Everyone knows that increasing the CPU FSB improves performance faster than increasing the CPU multiplier. If it is a CPU that does not lock the multiplier, experts will The method of increasing the FSB and reducing the multiplier is used to achieve better results. From this, it can be concluded that the CPU with a low multiplier has inherent advantages. For example, overclocking masters AMD Athlon XP170/180 and Intel Celeron 2.0GHz.

3. The more advanced the manufacturing process, the better.

The more advanced the manufacturing process, the higher the CPU frequency can be achieved during overclocking. For example, Intel's newly launched Intel Celeron D processor, which has won widespread attention, uses a 90-nanometer manufacturing process and a Prescott core. Some netizens have already upgraded the Celeron D which is running at 2.53GHz to 4.4GHz.

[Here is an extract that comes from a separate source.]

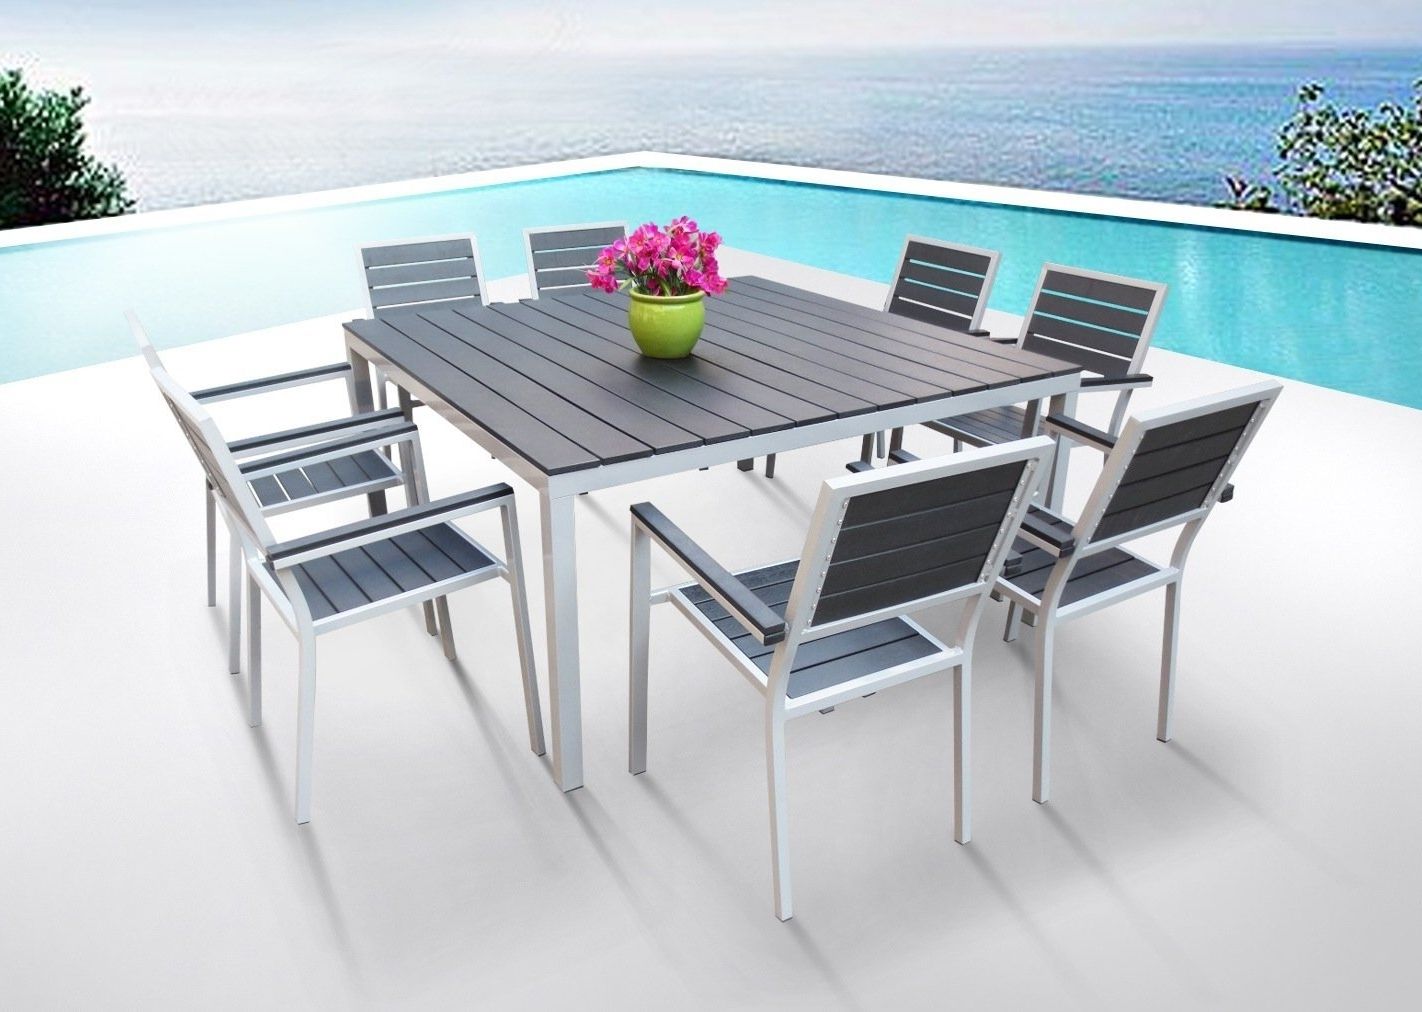 Brushed Stainless Steel Outdoor Tables For Well Liked Stainless Steel Outdoor Furniture – Ideas On Foter (View 12 of 15)

4. Temperature has a decisive influence on overclocking

Everyone knows that the temperature of the CPU will increase significantly after overclocking, and a good cooling system is necessary. This not only refers to the CPU fan, but also the chassis fan, etc. In addition, it is also important to apply a thin layer of silicone grease on the CPU core to help the CPU dissipate heat well.

5. The motherboard is a powerful tool for overclocking

A motherboard that can support overclocking generally has the following advantages: (1) Supports high FSB. (2) Have a good power supply system. For example, use a three-phase power supply motherboard or a motherboard with a single-channel single-channel power supply for the CPU. (3) Motherboard with special protection. For example, when the CPU fan stops spinning, the power can be cut off immediately. Some motherboards call this "burn-proof technology". (4) Motherboards with special overclocking settings in the BIOS. (5) Excellent workmanship, preferably a 6-layer PCB board.

Nine possibilities for high CPU usage?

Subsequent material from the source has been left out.